App.: Deep brown with a light mocha veil. Aroma: Strong, rich, malty, tangy and funky, Sauvignon Blanc notes, some wild character with Lambic notes (a little rubber, barnyard, etc.), bitter green herbs, some sour fruit, wood notes, white pepper, minerals, lemons, nice. Palate: Medium body, restrained effervescence. Flav.: Dark dried fruits, rich sweet malt notes, the tang, funk and wild are turned way down here, surprising, seems like a very tangy porter, some peppery spiciness, maybe it is subliminal advertising, but there are some wine notes in the finish; off-dry with some bitterness, gentle tang and a deep sour cherry and molasses finish.

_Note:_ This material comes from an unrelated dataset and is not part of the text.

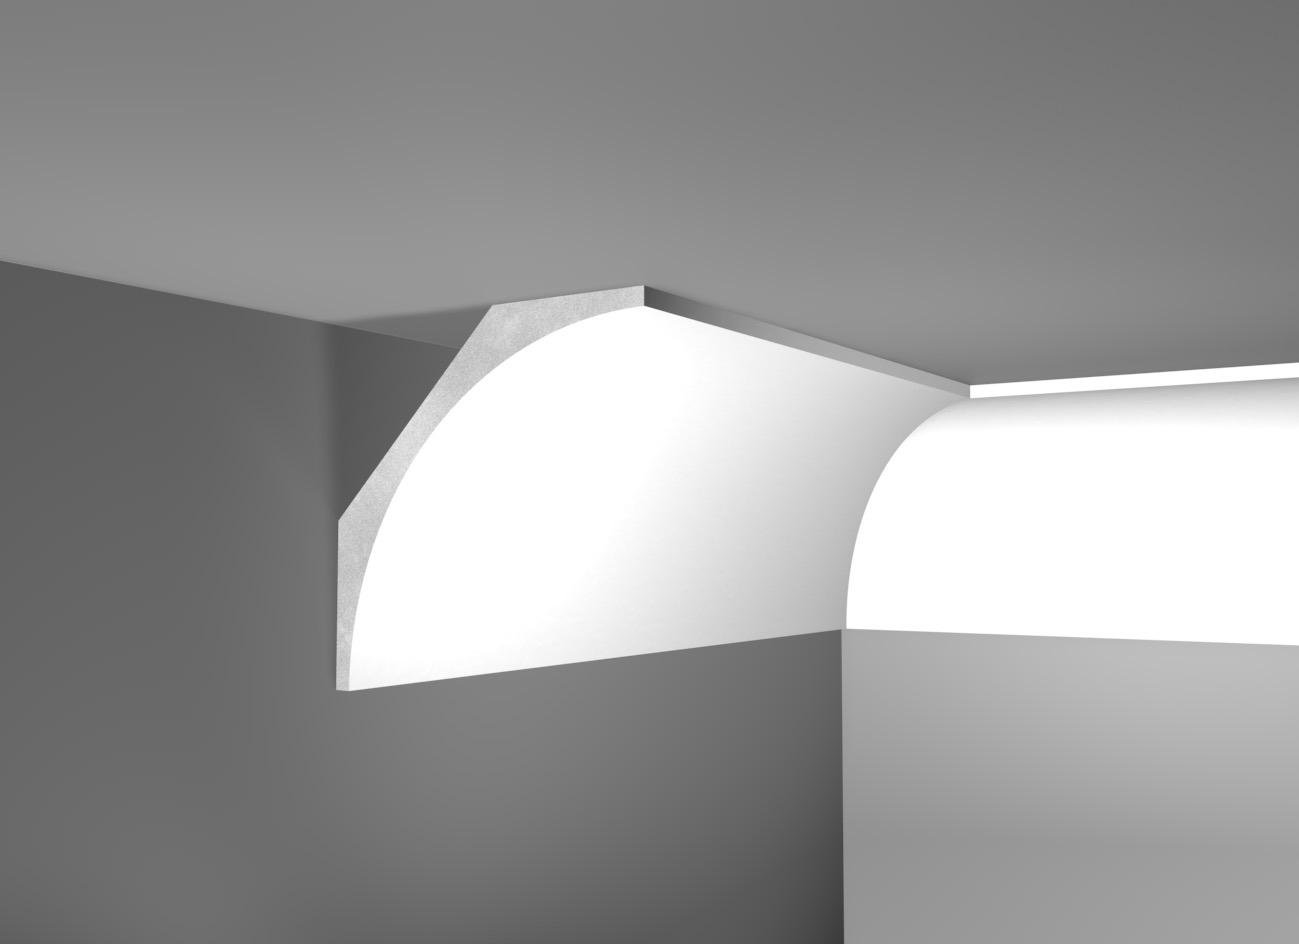 G 35 - Cornice in polistirene gessato bianco - Decorget - Ital Decori - Image 0

Very interesting and complex. The tartness is not missed!

3.6
   AROMA 7/10   APPEARANCE 4/5   TASTE 7/10   PALATE 3/5   OVERALL 15/20
ryanfolty (754) - Minneapolis, Minnesota, USA - DEC 3, 2011
Date: December 3, 2011 Mode: Bottle Source: BVery Description: Opaque dark brown pour with no head or lacing, grape and brett in aroma, taste like a whit wine wth a sour dry finish, light to medium bodied.

3.9
   AROMA 9/10   APPEARANCE 4/5   TASTE 8/10   PALATE 3/5   OVERALL 15/20
BVery (2538) - Burnsville, Minnesota, USA - DEC 3, 2011
Bottle. Dark brown pour with a fairly minimal head. Awesome sour nose with brett, grape, and wood. Medium palate. Taste has the same elements as the nose, but the nose is a little more pleasing. Good stuff.